Exercise:
Copy out precisely the lines from the start of the data through the line with "مركز سبيد لفحص", and keep pictures out of it.

──────── Data section ────────

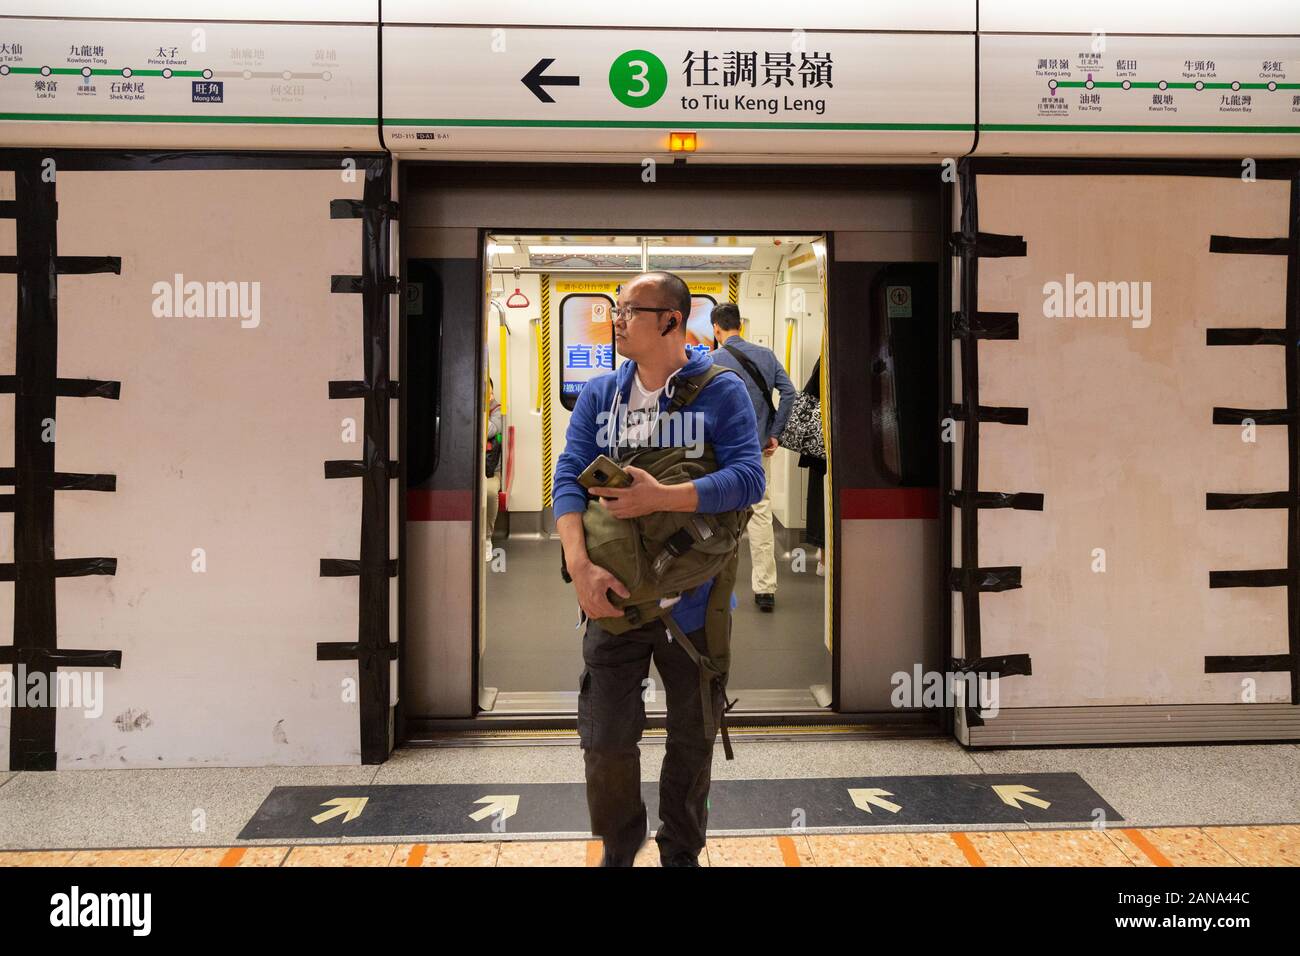 Le passager du train de masse de Hong Kong descendre d'un train à la gare de Kowloon, Hong Kong Asie Banque D'Images
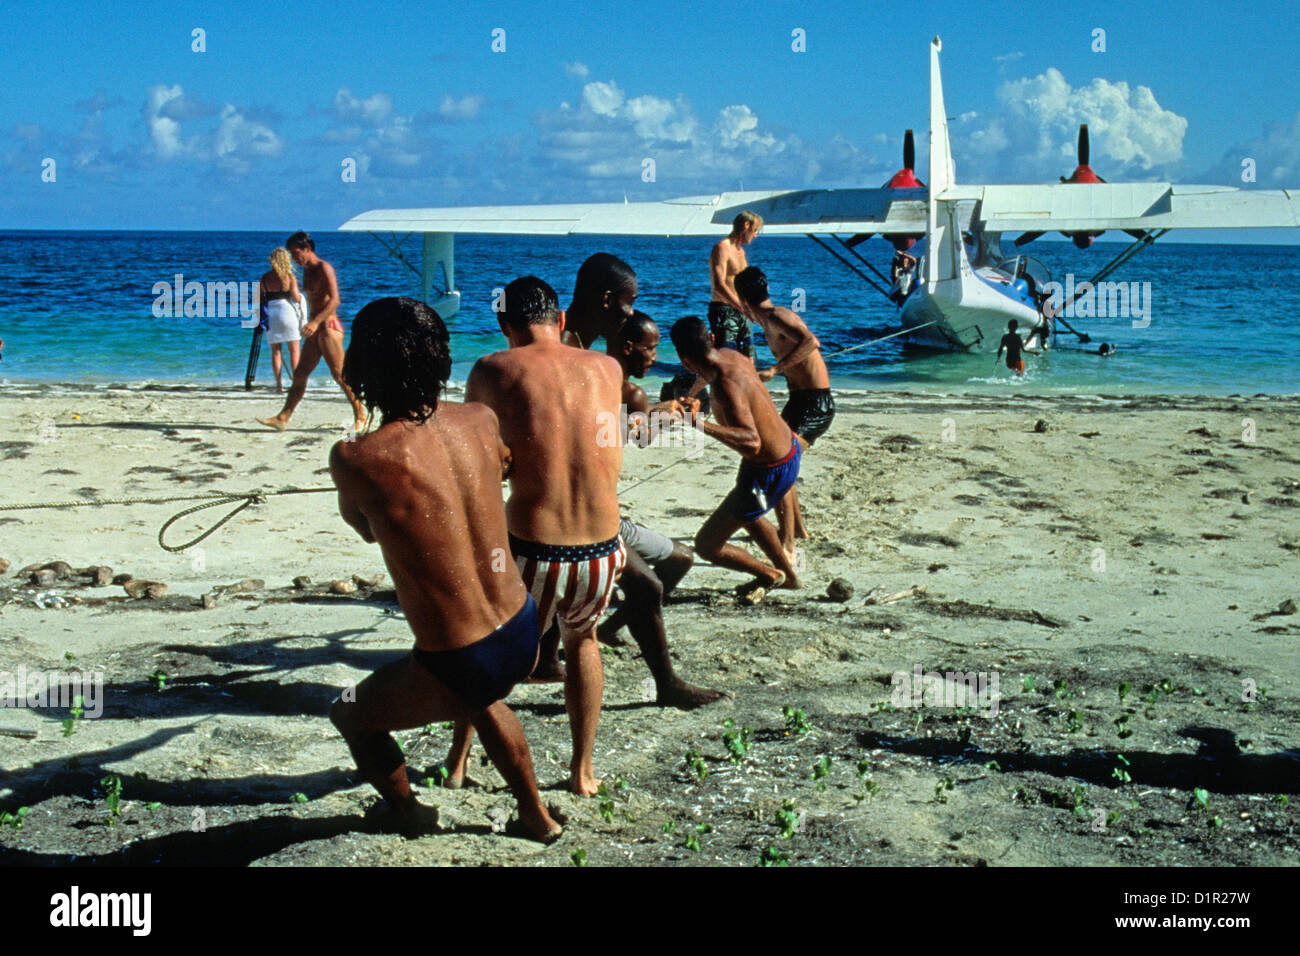 Brésil, Salvador de Bahia, Catalina PBY-5A tiré de l'aquaplanage sur la plage après l'atterrissage. Banque D'Images
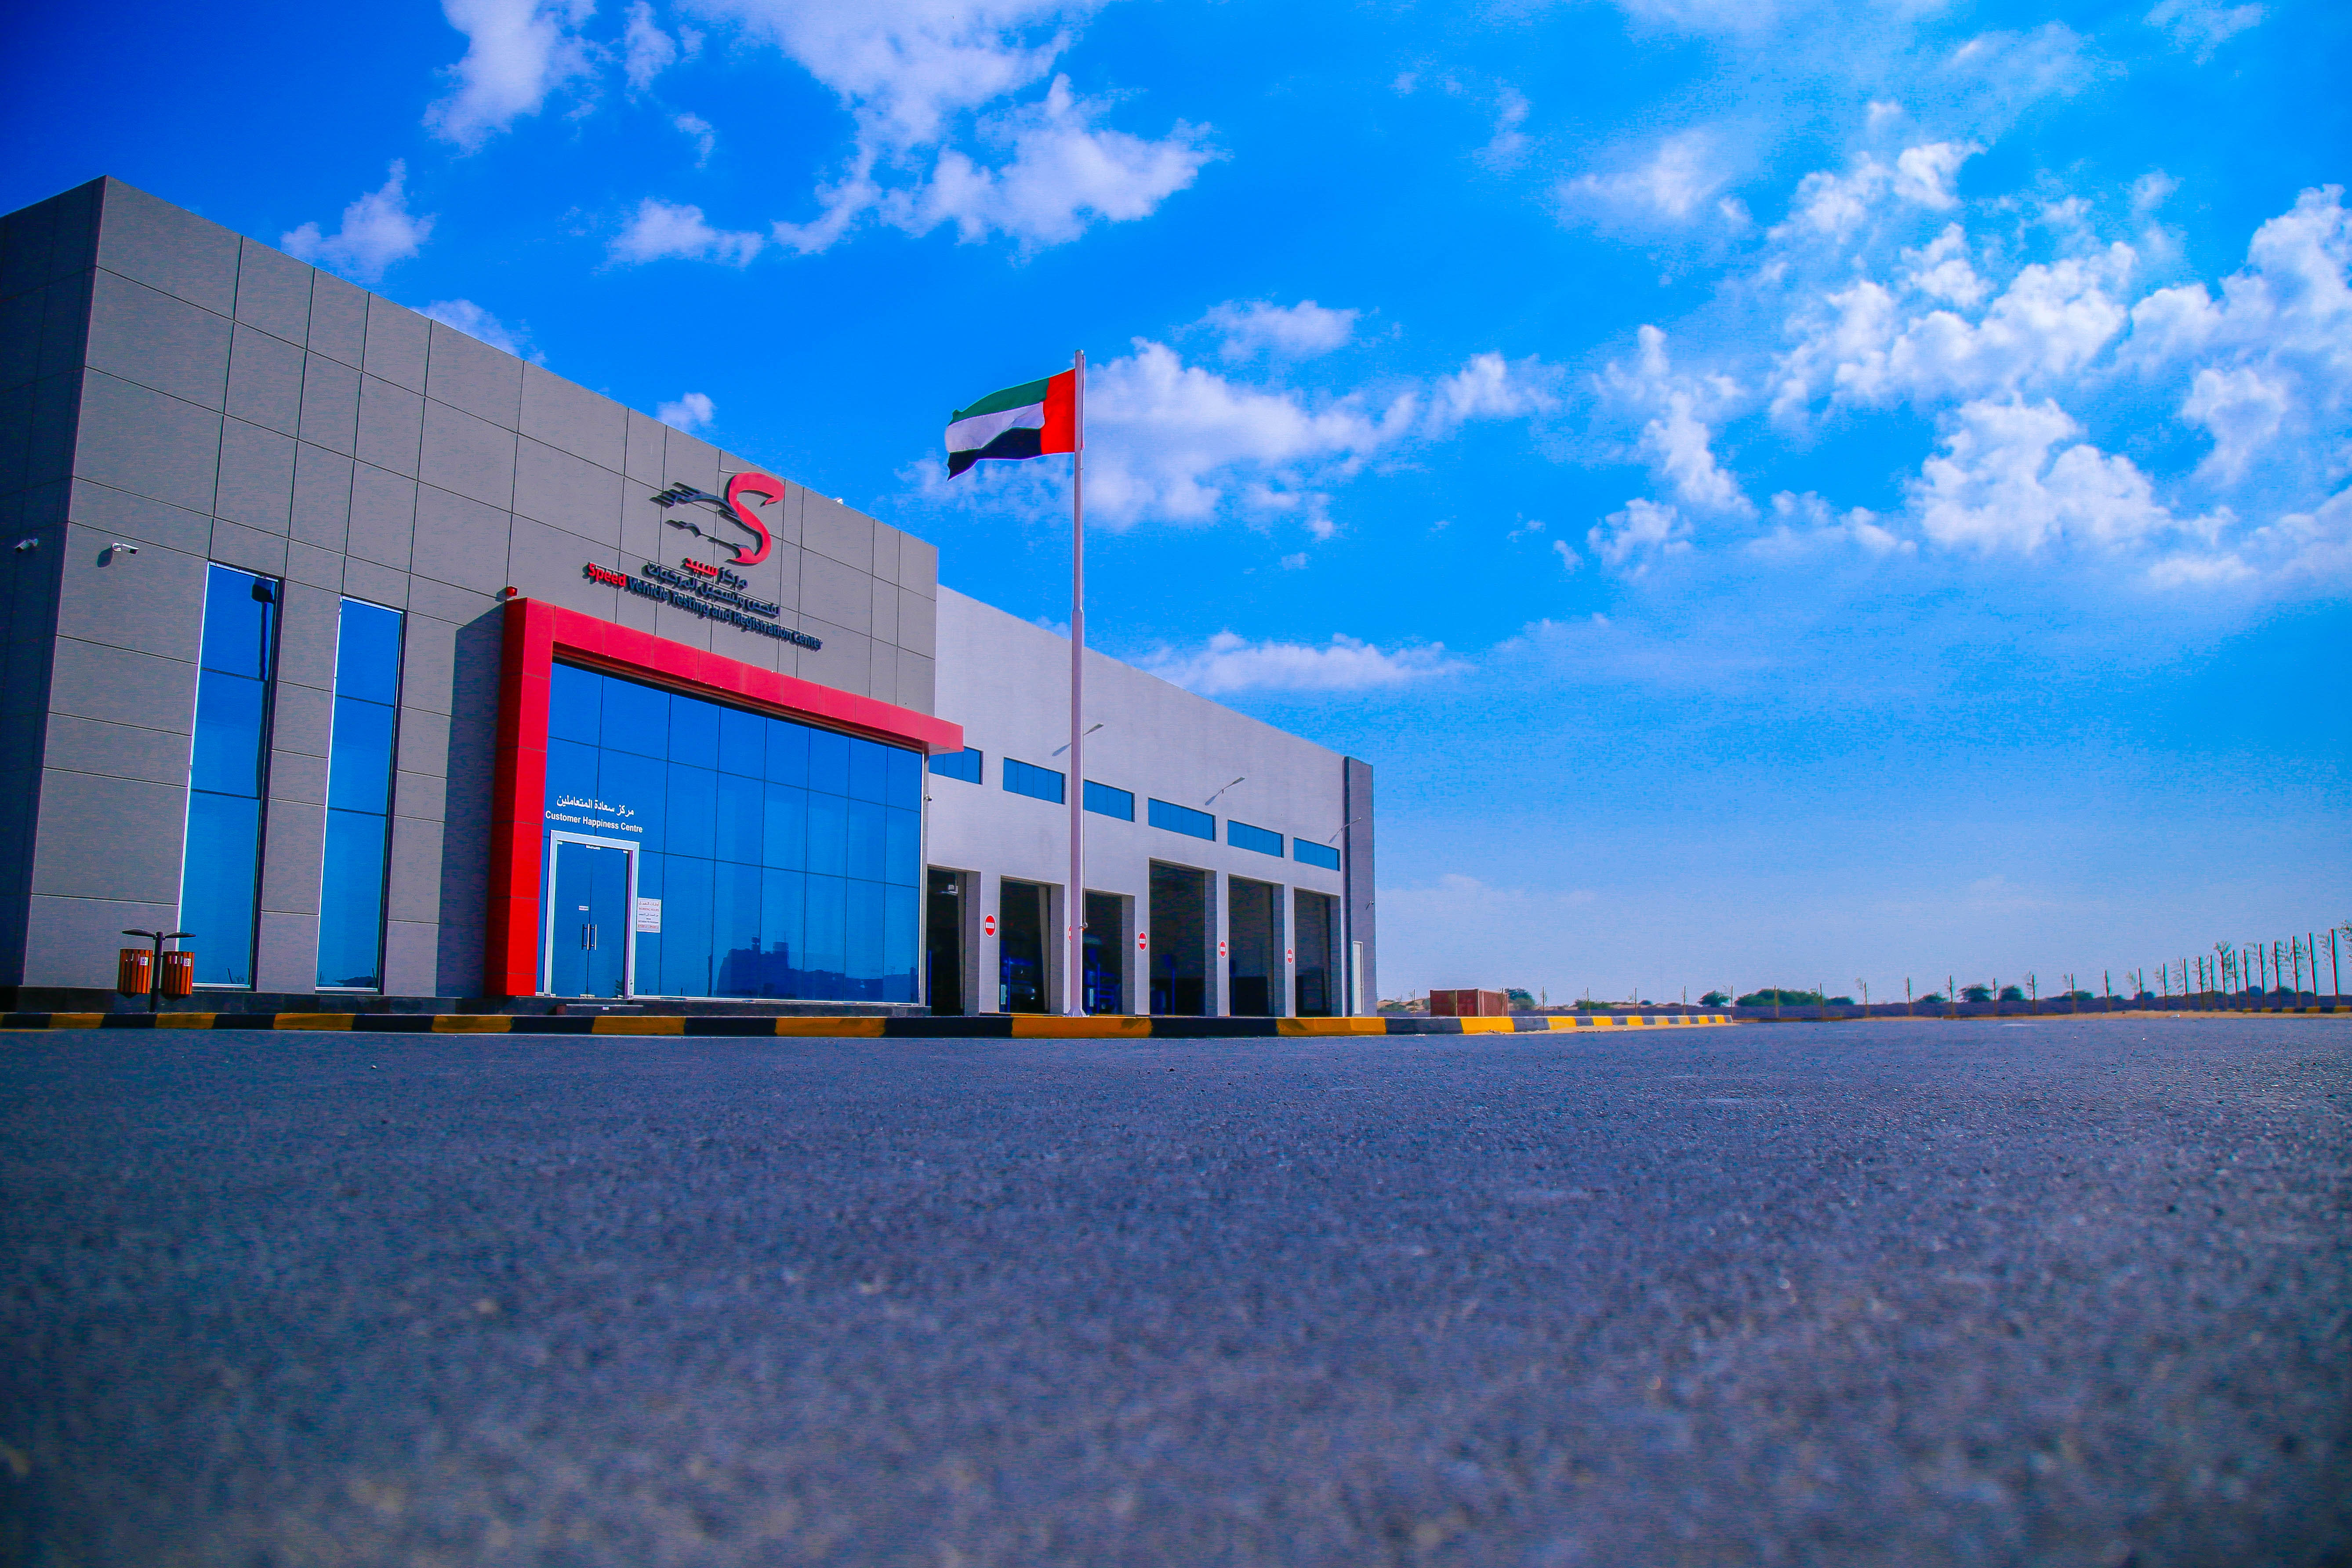 مركز سبيد لفحص و تسجيل المركبات في عجمان يختتم مسابقته ب٢٢ فائز خلال ٤ اشهر
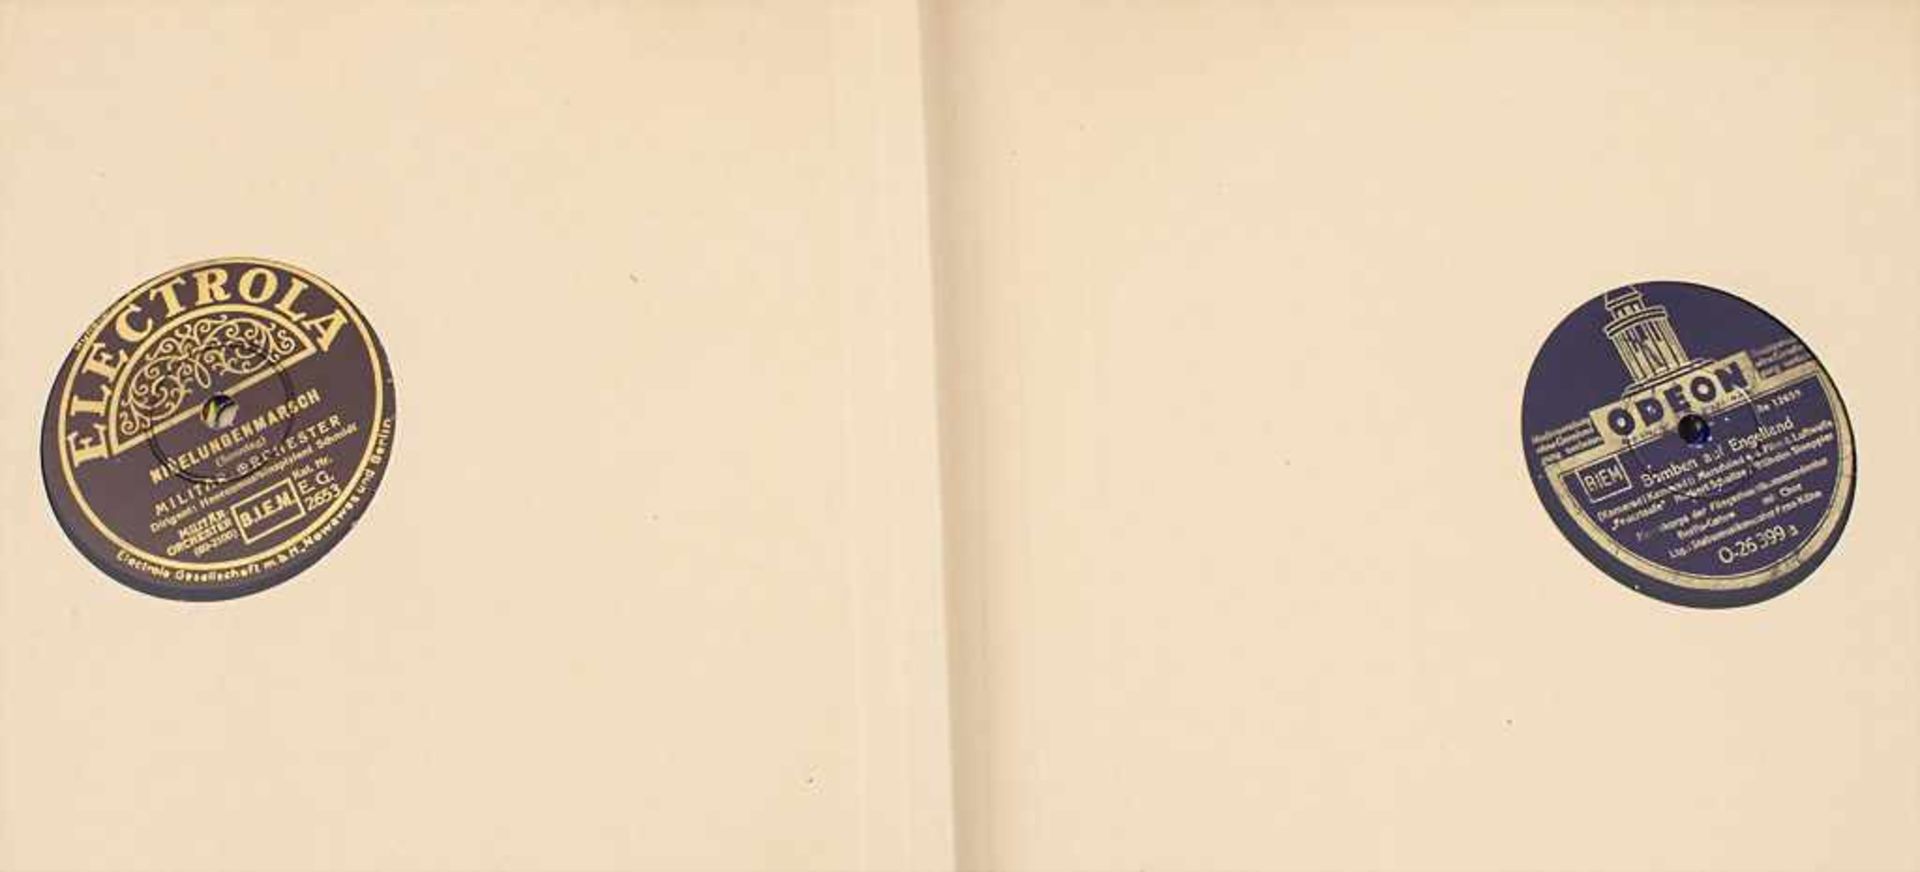 4 Sammelalben Schellackplatten / A collection of schellack records Bestehend aus 45 Platten der - Bild 3 aus 5

────────

Response area:
 Le passager du train de masse de Hong Kong descendre d'un train à la gare de Kowloon, Hong Kong Asie Banque D'Images
 Brésil, Salvador de Bahia, Catalina PBY-5A tiré de l'aquaplanage sur la plage après l'atterrissage. Banque D'Images
 مركز سبيد لفحص و تسجيل المركبات في عجمان يختتم مسابقته ب٢٢ فائز خلال ٤ اشهر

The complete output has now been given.